Precalc question

Hi Flora H.,

For a) we have d = 20 and C = 1 and equation C = k/d². Plug and chug.

1 = k/20²

k = 20² = 400 ft² *candlepower

For b) we have a speed of 15 mph, a distance of 33 ft from under the light, and 10 ft from the light to the street.

-Olav's distance from the light is √(10² + 33²). A right triangle formed by the distance from the light to the street as a vertical leg and a horizontal leg equal to Olav's distance from being under the light.

-Olav's speed in ft/s is 15 mi/hr *(5280 ft/1 mi)*(1 hr/3600s) = 22 ft/s

-Olav's speed (v) equals distance (d) over time (t), v = d/t or d = v*t = 22*t.

-Olav's distance (d_UL UL for Under Light) from being under the light is d_ul = 33 - 22*t, this is the horizontal leg of the right triangle with time (t).

-Olav's distance (d) from the light itself is d = √(10² + [33 - 22*t]²), which we can plug into the equation.

C = 400/d² = 400/{√(10² + [33 - 22*t])}² = 400/(100 +[33 - 22*t]²) candlepower, this is the function with time.

(If you forget the 10 ft for the height of the light the equation blows up when 33 - 22t = 0, which means you are in the light).

For c) Max intensity is when 33 - 22*t = 0.

33 = 22*t

t = 1.5 s

For d) Set C equal to 2 and solve for t.

2 = 400/(100 + [33 - 22*t]²)

t = 43\22 s and t = 23/22 s, once before being under the light and once after.

I hope this helps, Joe.

For a) given that C = k/d² we can multiple both sides by d² to get k = Cd2 then plug in the given numbers for C (which is 1) and d (which is 20) to get k = (1)(20²) or k = 400 candlepower ft²

For b) first change the units of 15 MPH (miles/hour) into feet/sec like this:

15 miles/hour x (5280 feet)/(1 mile) x (1 hour/3600 seconds) = 88/3 feet/sec.
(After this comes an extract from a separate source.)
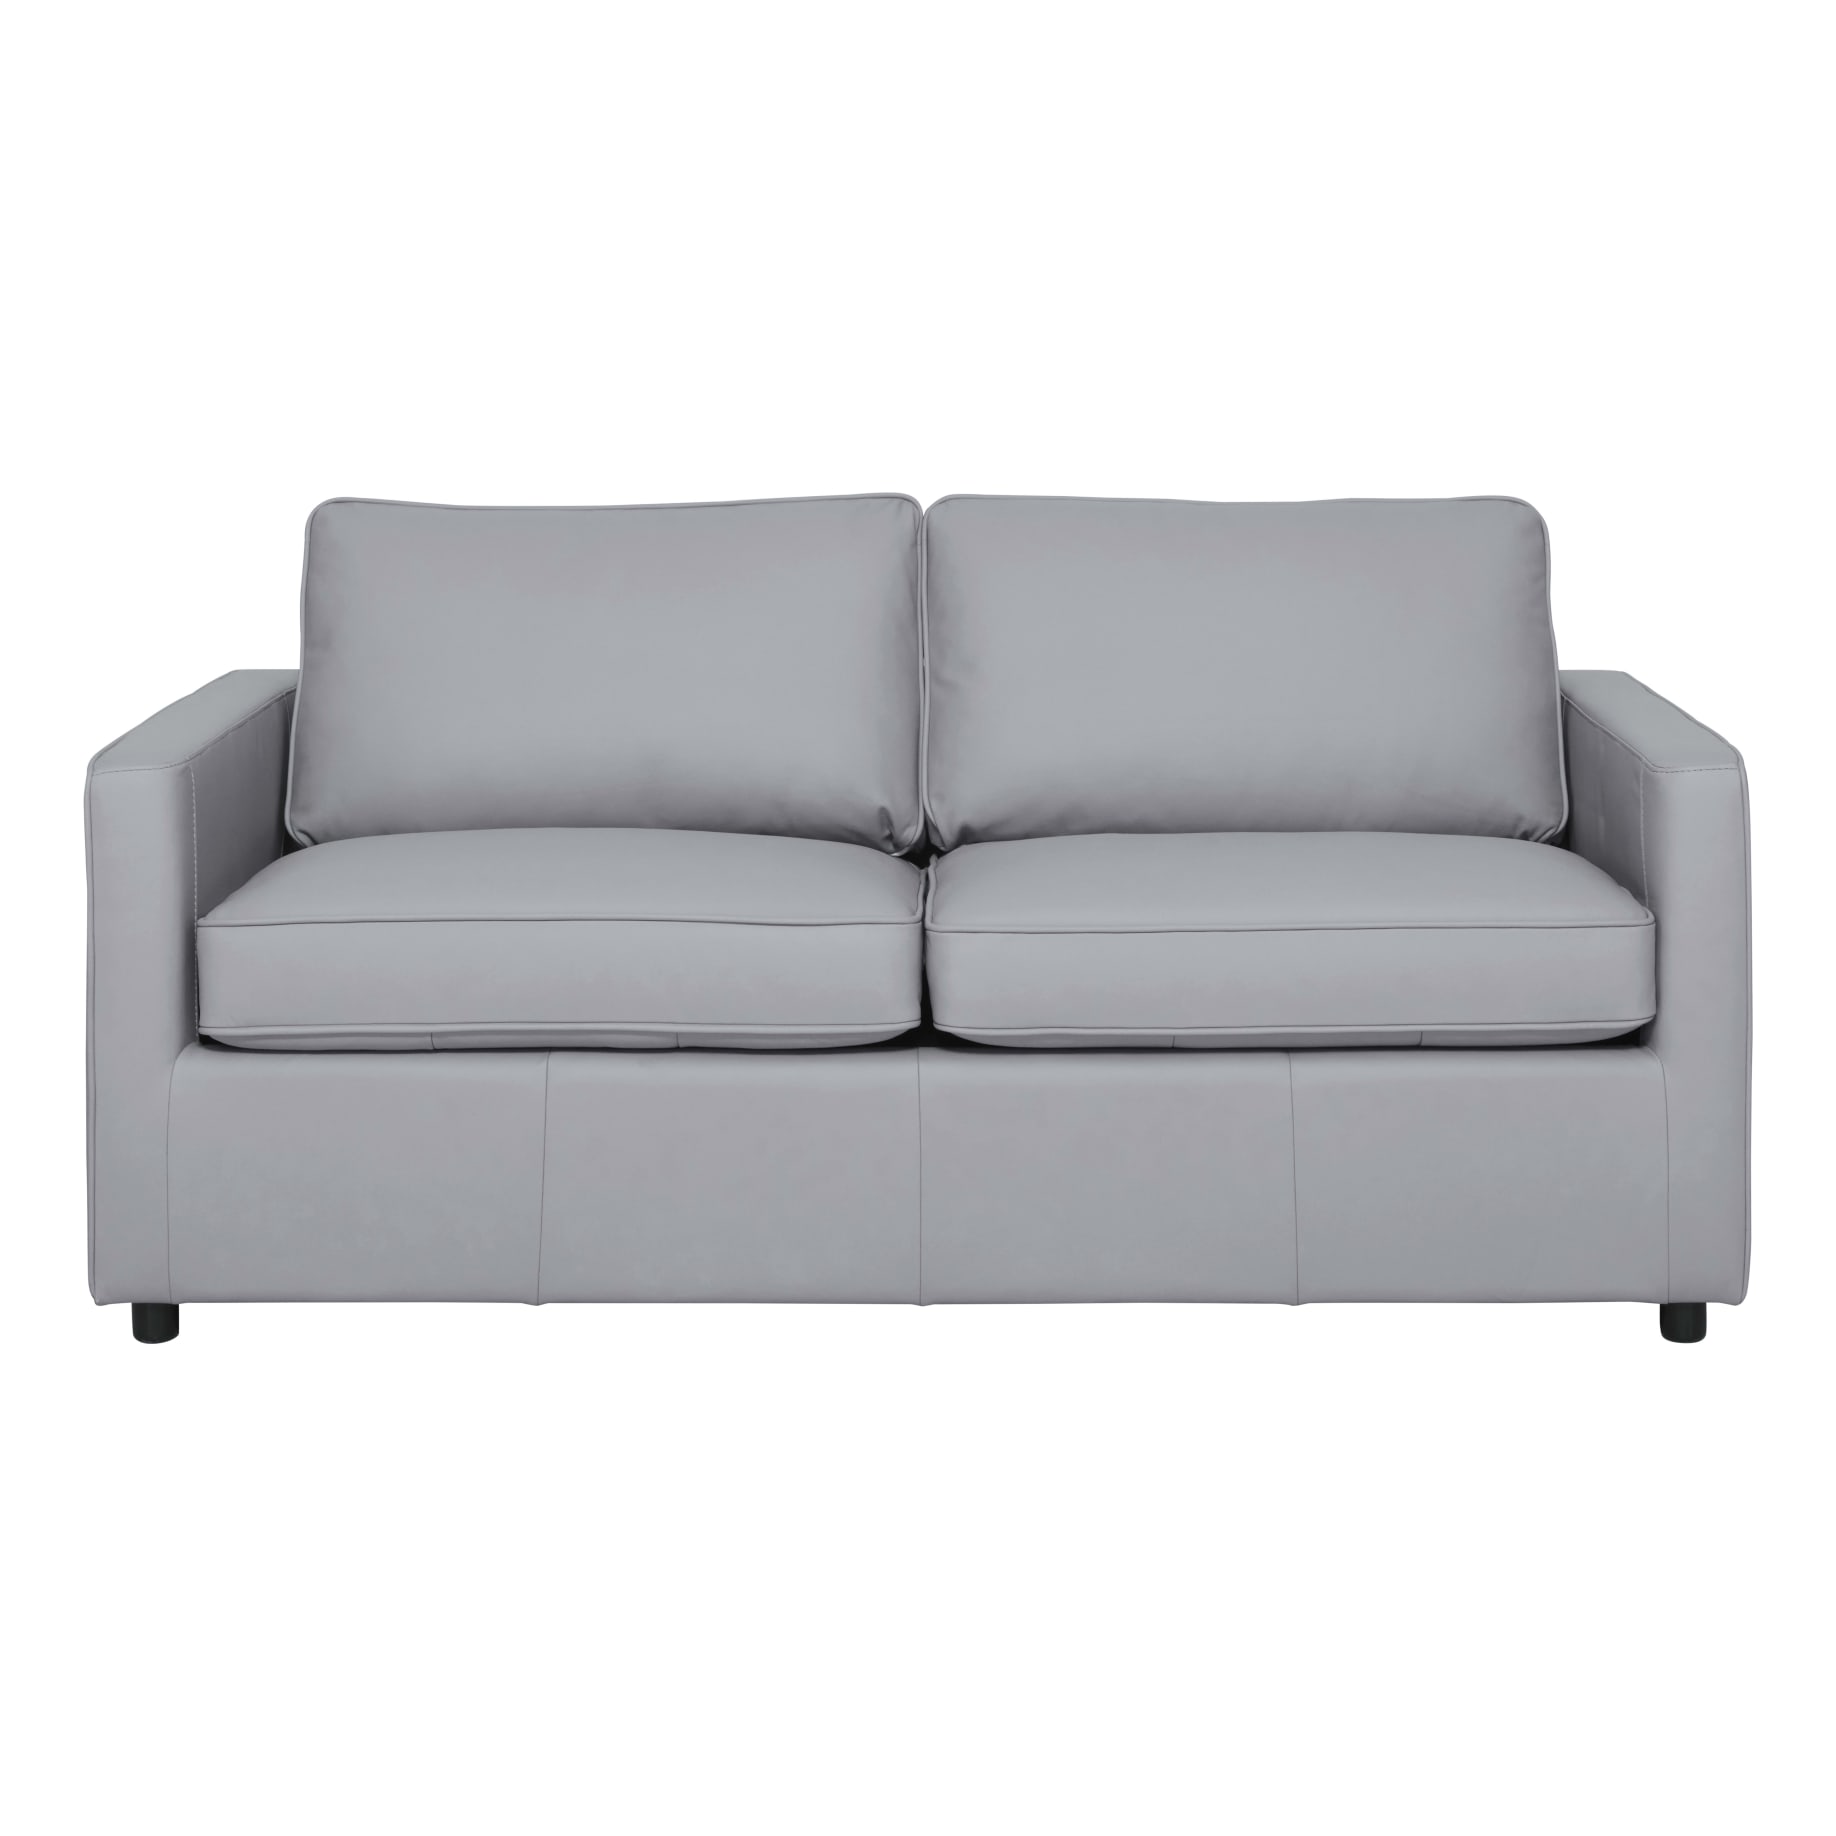 Ronin Sofabed in Leather Pewter

Now, using distance = speed x time, we can calculate the distance Olav is from the light as (33 - 88/3t). We can now plug that in wherever there is a "d" in the equation C = k/d² while also replacing the k with the 400 we calculated in the first question to get:

C = 400/(33 - 88/3t)² which is a perfectly fine answer but we can perhaps simplify it as follows:

Get a common denominator and combine 33 with 88/3 t:

C = 400/(99/3 - 88/3t)²

C = 400/[(99-88t)/3]² then factor out 11 and square the 11 and 3

C = 400/[(121/9)(9 - 8t)²]

C = 3600/[121(9 - 8t)²]

C = 29.752/(9 - 8t)²

then write it in function notation:

C(t) = 29.752/(9 - 8t)²

For c) since the equation of intensity is undefined at d = 0, mathematically, it doesn't really work to say it's a maximum, but logically, the highest intensity is when d = 0. Since we found that d = 33 - 88/3t, we can make d = 0 and solve for t.

0 = 33 - 88/3t

88/3t = 33

t = 33(3/88) = 9/8 = 1.125 seconds

For d) to find the time where the light intensity = 2 candlepower, make C = 2 and solve:

C(t) = 29.752/(9 - 8t)²

2 = 29.752/(9 - 8t)²

2((9 - 8t)² = 29.752

(9 - 8t)² = 29.752/2

(9 - 8t)² = 14.876

√(9 - 8t)² = ±√14.876

9 - 8t = ±3.857

solution #1: 9 - 8t = 3.857 or t = 0.643 seconds

solution #2: 9 - 8t = -3.857 or t = 1.607 seconds

(he will have this light intensity as he gets close to the light and then again on the other side of it.